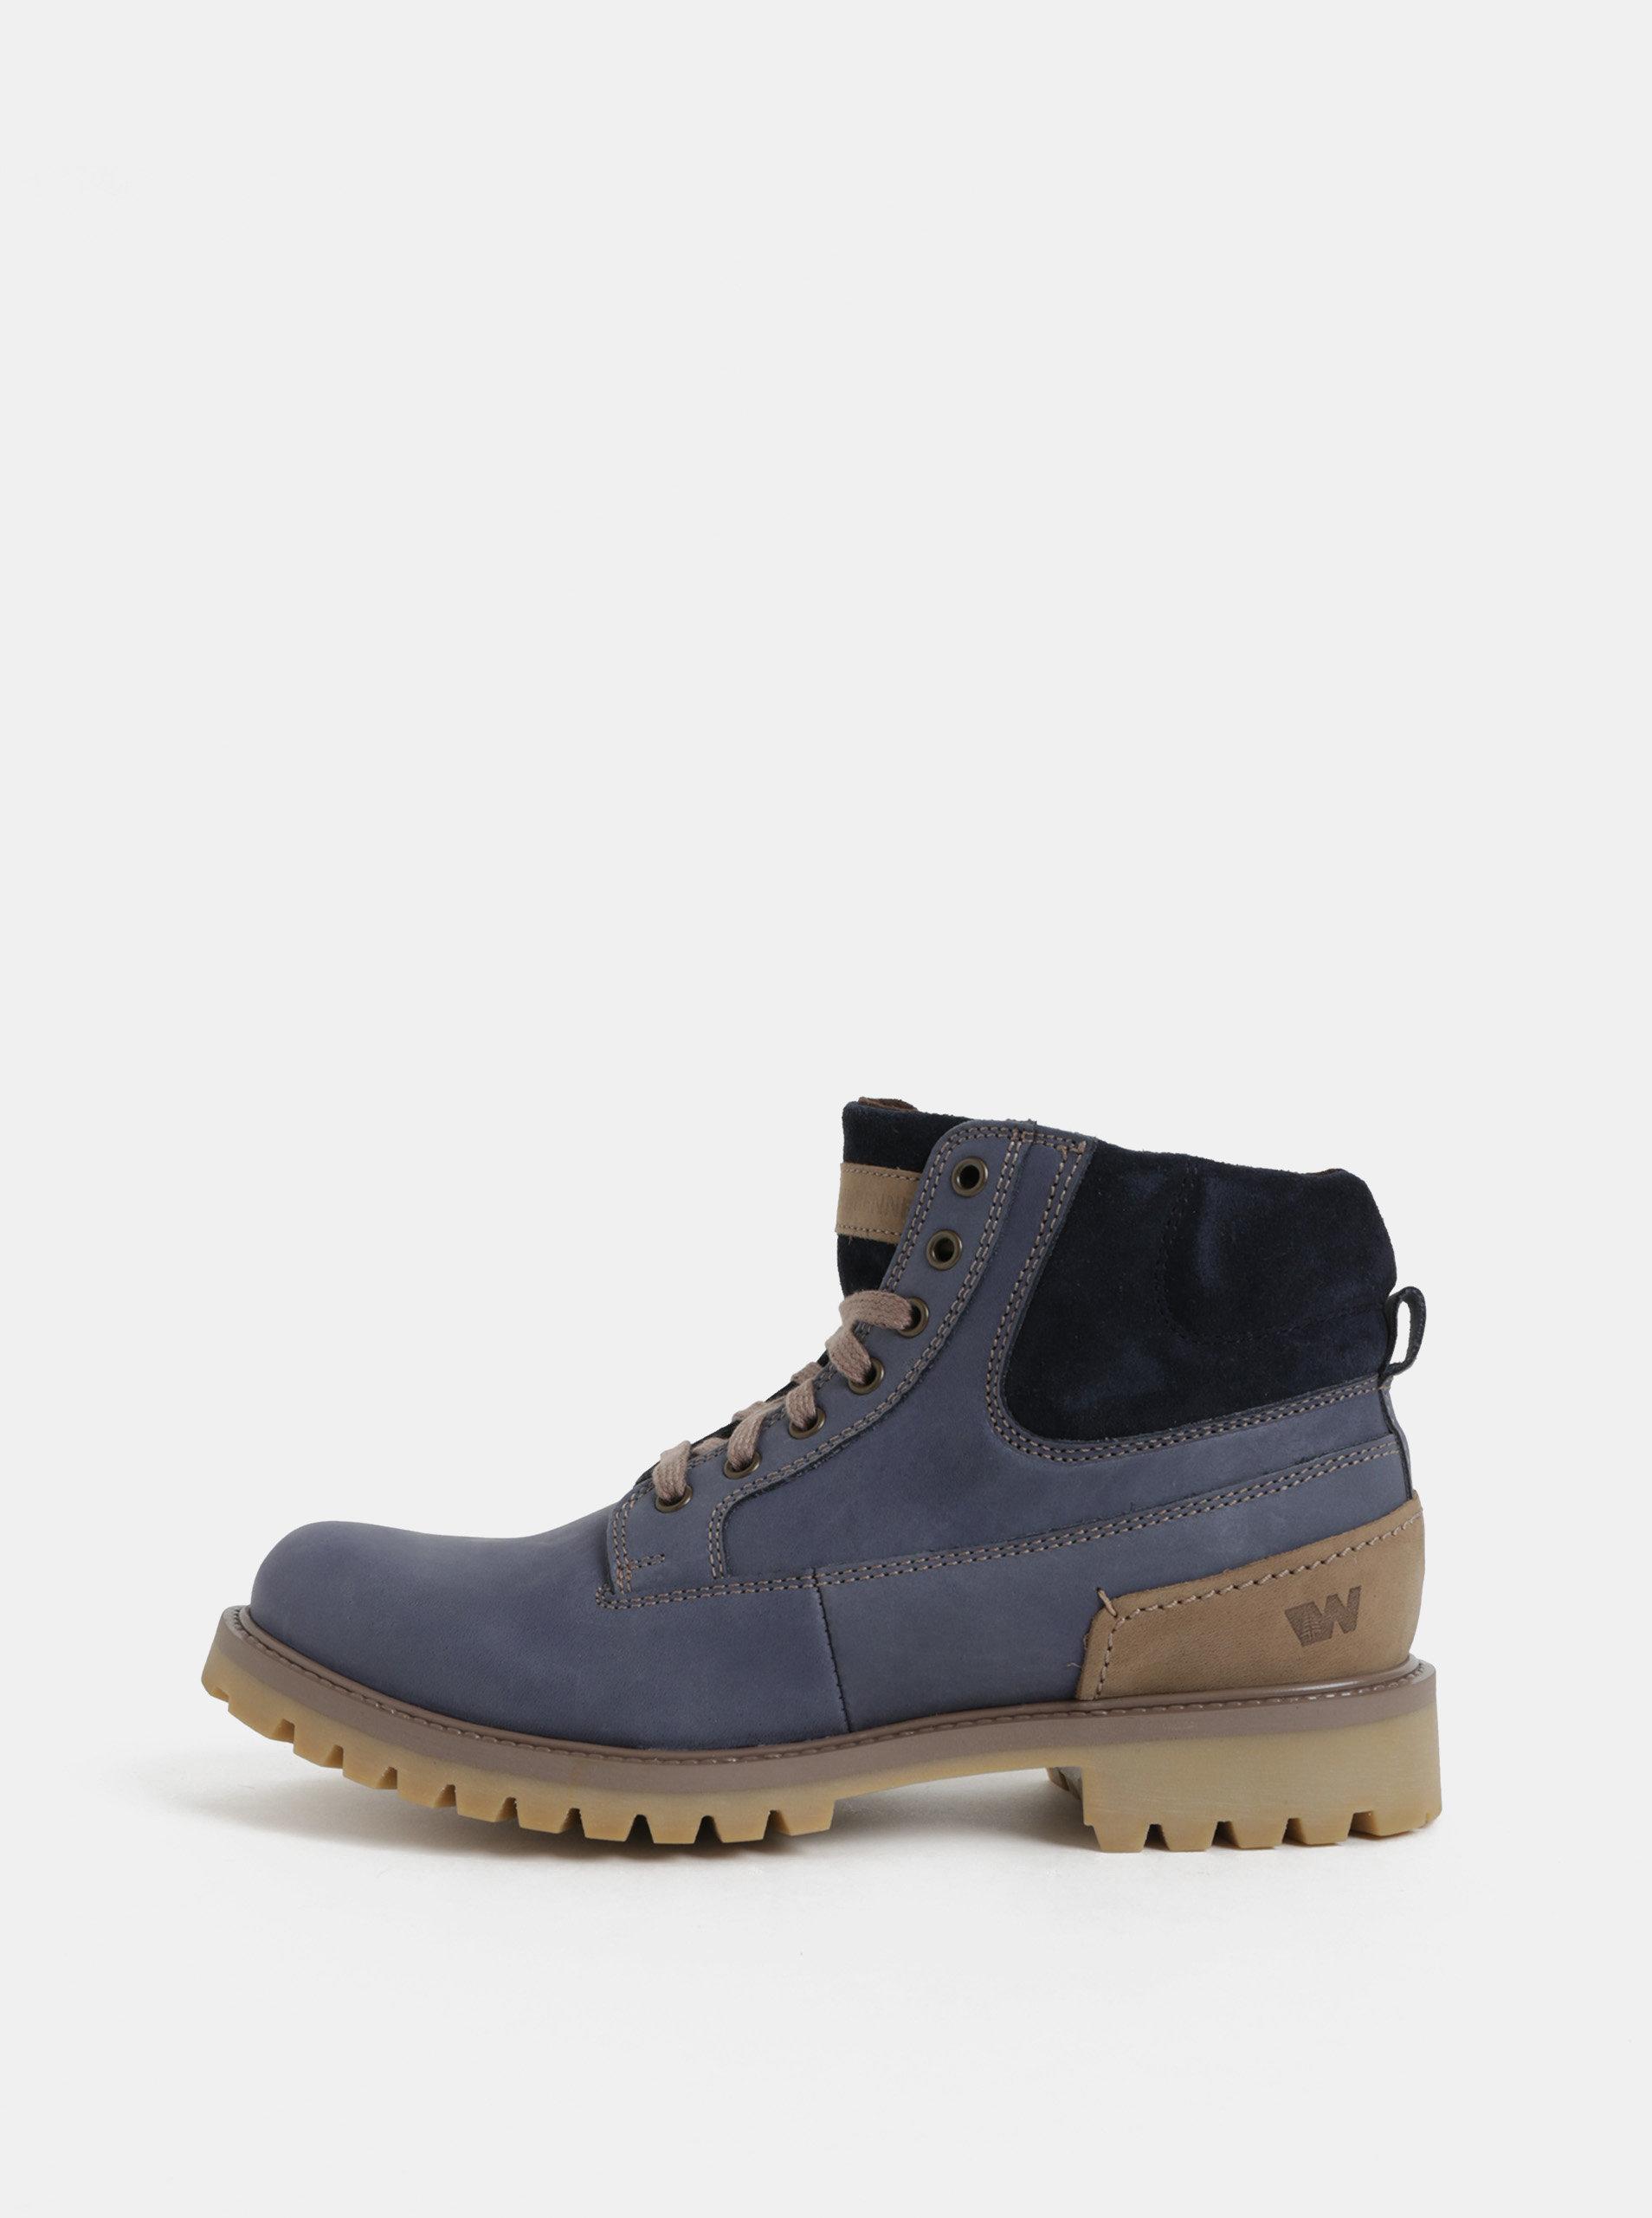 Modré pánske kožené členkové zimné topánky so semišovými detailmi  Weinbrenner ... ff6f64d0ca0
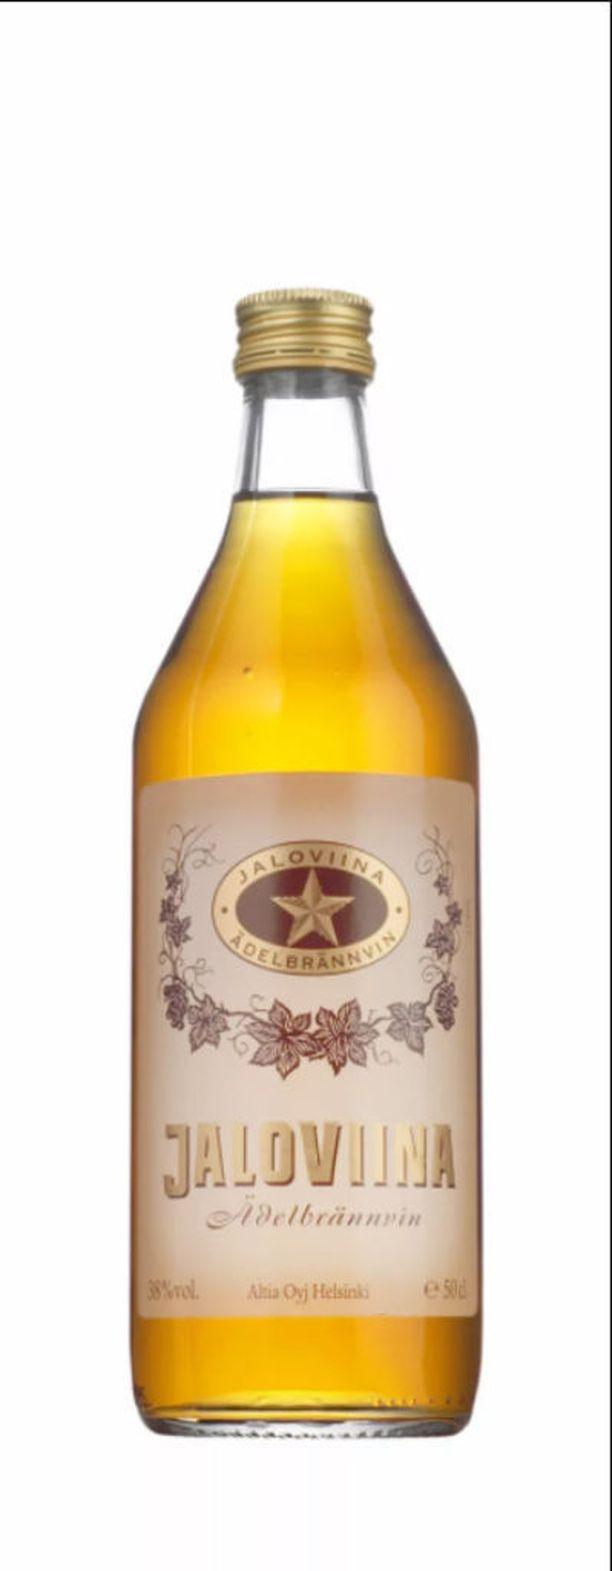 Yhden tähden Jaloviina minipullossa maksaa litralta 64,75 euroa. Isossa eli 0,7 litran pullossa litrahinta on 23,90 euroa.
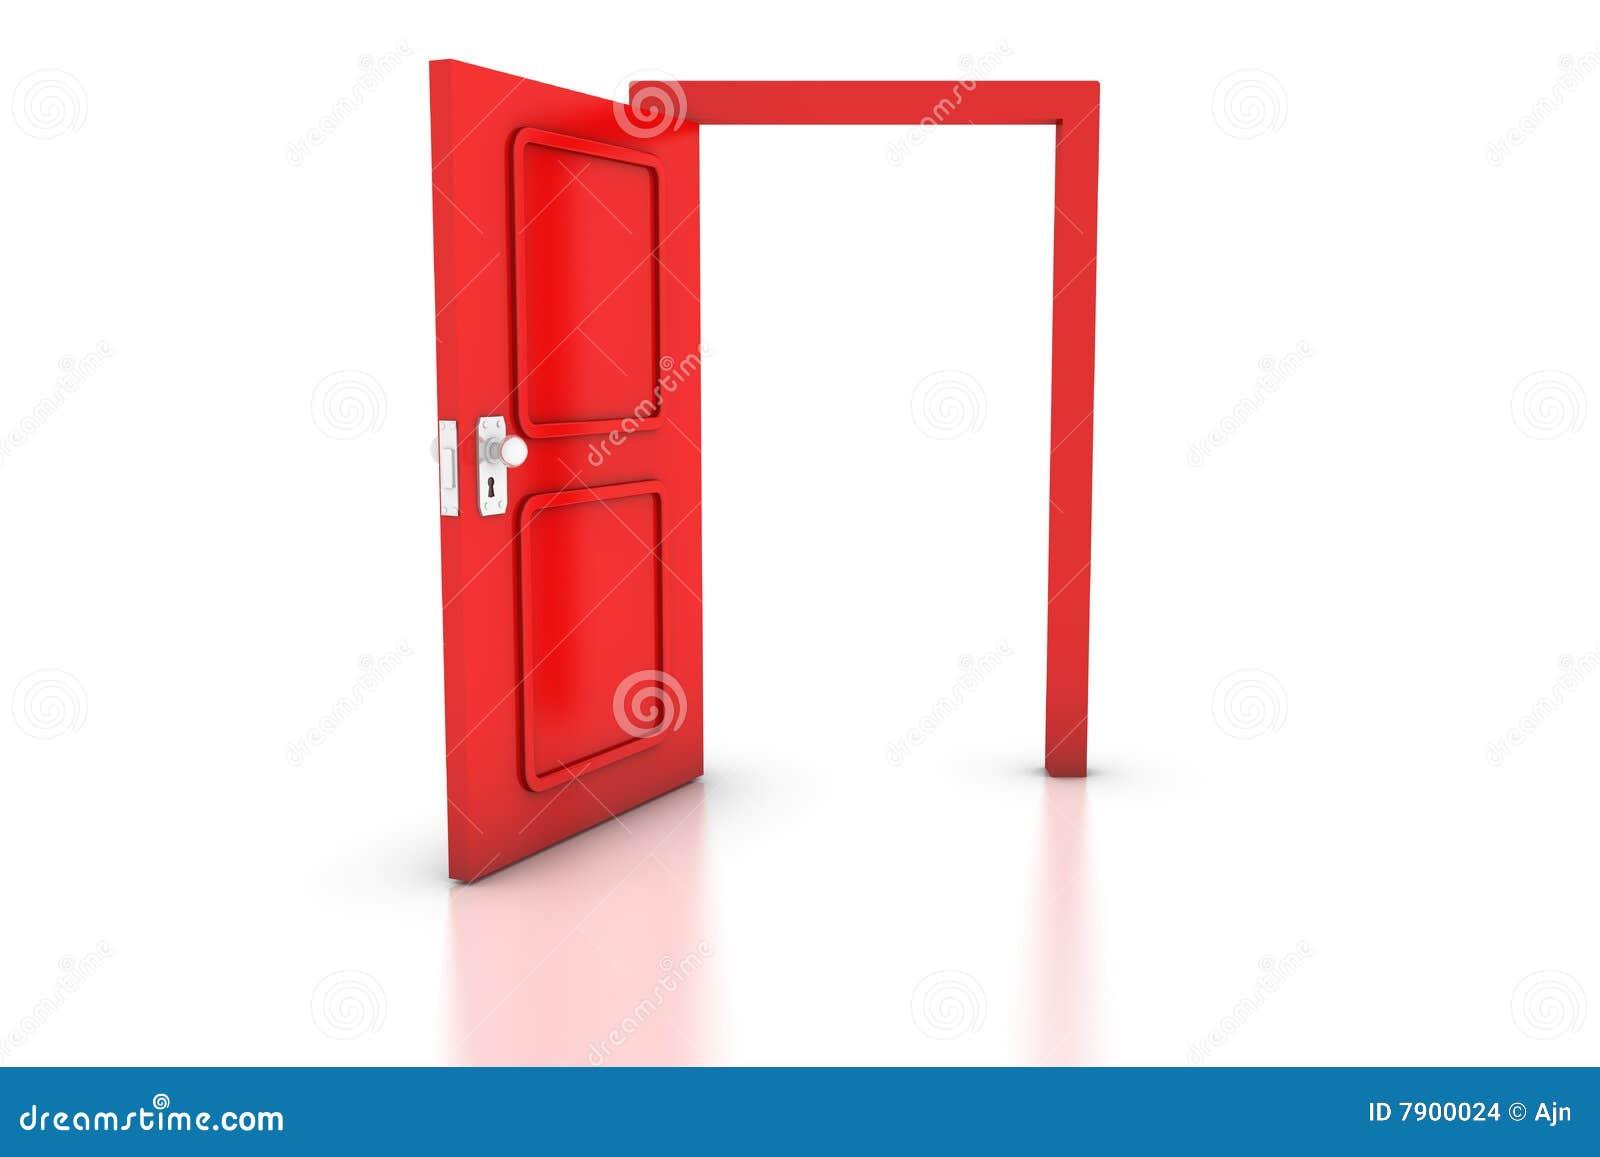 Open Door Clipart Open Red Door
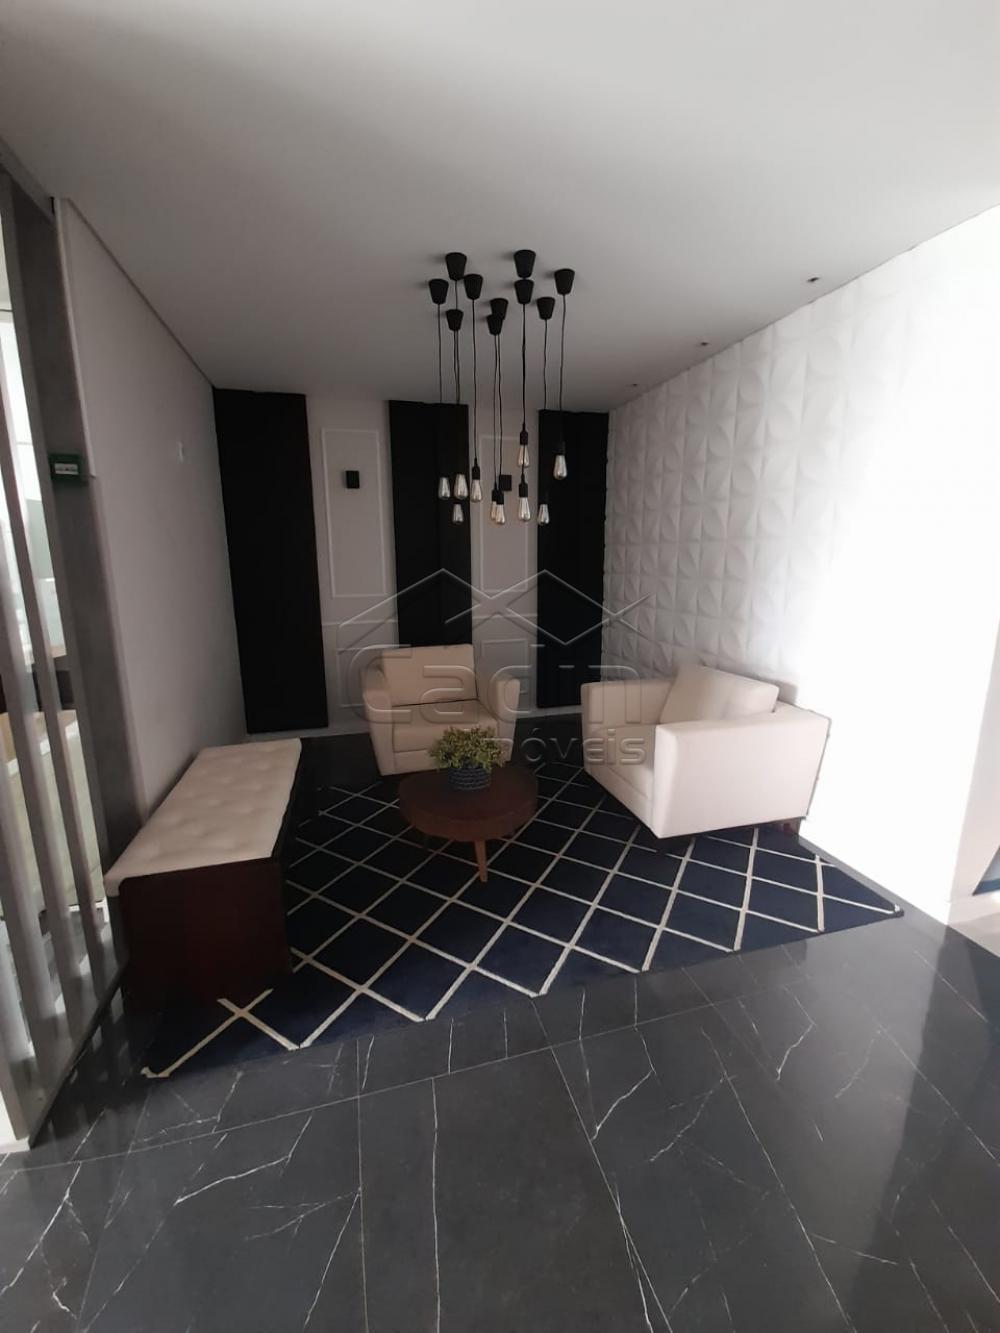 Comprar Apartamento / Padrão em Navegantes R$ 630.000,00 - Foto 5

## Instructions to follow
Copy out the material exactly as it stands, though no picture should appear in the copy.

## Solution to the exercise
 Modré pánske kožené členkové zimné topánky so semišovými detailmi  Weinbrenner ... ff6f64d0ca0
 Yhden tähden Jaloviina minipullossa maksaa litralta 64,75 euroa. Isossa eli 0,7 litran pullossa litrahinta on 23,90 euroa.
 Open Door Clipart Open Red Door
 Comprar Apartamento / Padrão em Navegantes R$ 630.000,00 - Foto 5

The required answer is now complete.